Her voice trembled. “It’s not nothing. Promise me you’ll stop before this ruins us.”

He didn’t answer. When she turned away, her reflection in the window looked like someone already grieving.

While the city slept, Isaac Voss moved like a ghost through the data-archives wing. The hum of servers filled the air, punctuated by his heartbeat.

He slid a clearance card into the console, his uncle’s ID, borrowed, not stolen. The monitor unlocked with a soft chime: Administrator Access Granted.

Footage flickered, ER cameras from the night of Lila’s revival. Frame by frame, Isaac watched Rick inserting the forbidden pattern of needles. 

The child’s body glowing gold. Rick’s hand blazing brighter. “Not medicine,” he whispered. “Magic.”

He paused the feed, zooming in until Rick’s wrist filled the screen, the golden rune shining like a brand.

The door creaked behind him. He froze, but it was only the wind from the old ventilation shaft.

Isaac copied the file to a data-chip and pocketed it. “Let’s see how the Syndicate defines miracles.”

Before he left, the monitors flickered, static crawling across the frames.
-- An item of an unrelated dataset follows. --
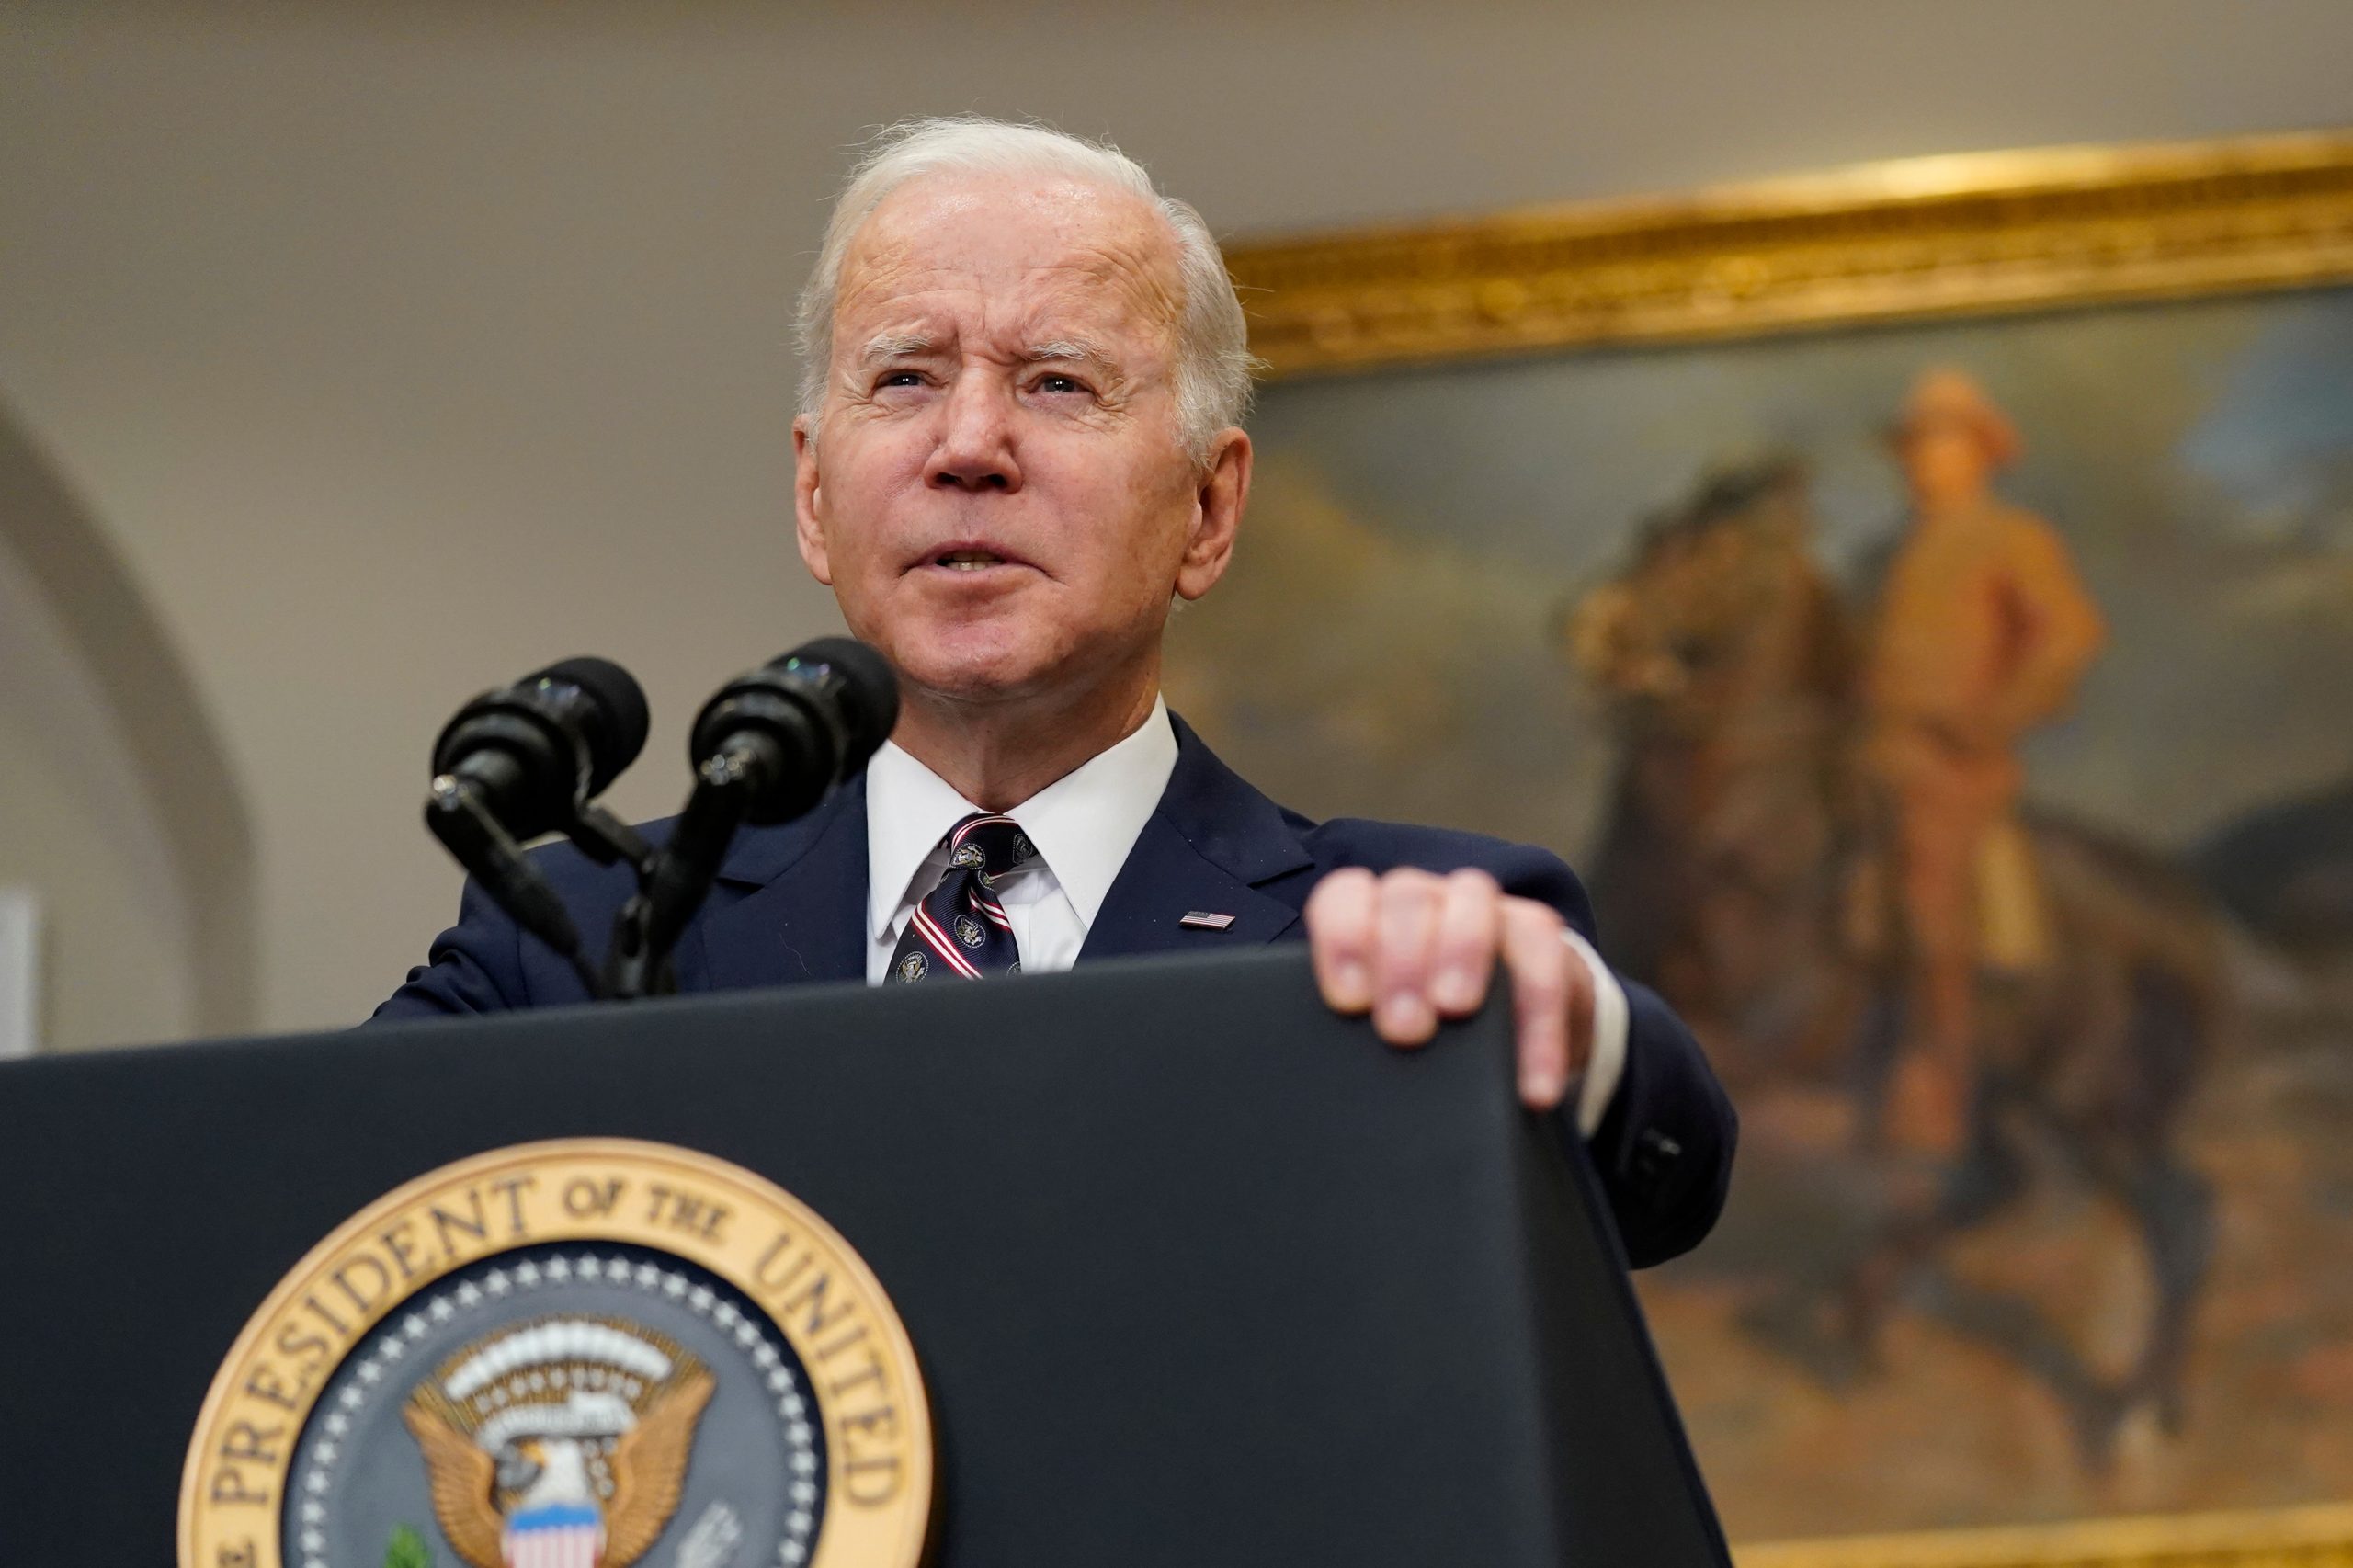 US President Joe Biden’s UN speech will target Russia, White House says

For half a heartbeat, golden light rippled through every screen, pulsing in sync with his own.

He backed away slowly, whispering, “What the hell?”

The lights steadied. Only silence answered. By morning, the rain had washed the city clean. The courtyard outside Salt Lake General smelled of wet concrete and ozone.

Rick walked among blooming patients and interns sipping coffee, nodding at him with mixed awe and unease.

One elderly patient stopped him. “Doctor Franklin, thank you for saving that child. We needed hope.”

Rick smiled faintly. “Hope’s contagious, ma’am. Be careful with it.”

When she left, he spotted Isaac across the garden path. The senior apprentice’s face was unreadable; he offered a stiff nod.

Rick returned it, sensing something brittle behind the politeness. A strange hum prickled beneath his skin, the rune answering a vibration in the air, too faint for anyone else to feel.

He flexed his wrist. The glow pulsed once, then settled. The city itself seemed to inhale.

From an office window above, Yuren Sun watched, one hand on the glass. His reflection looked older than it had the night before.

For a long moment, mentor and student shared the same sunrise, one heavy with warning, the other with quiet defiance.

Rick exhaled, unaware the rhythm in his veins had begun syncing with something deeper beneath the hospital foundations.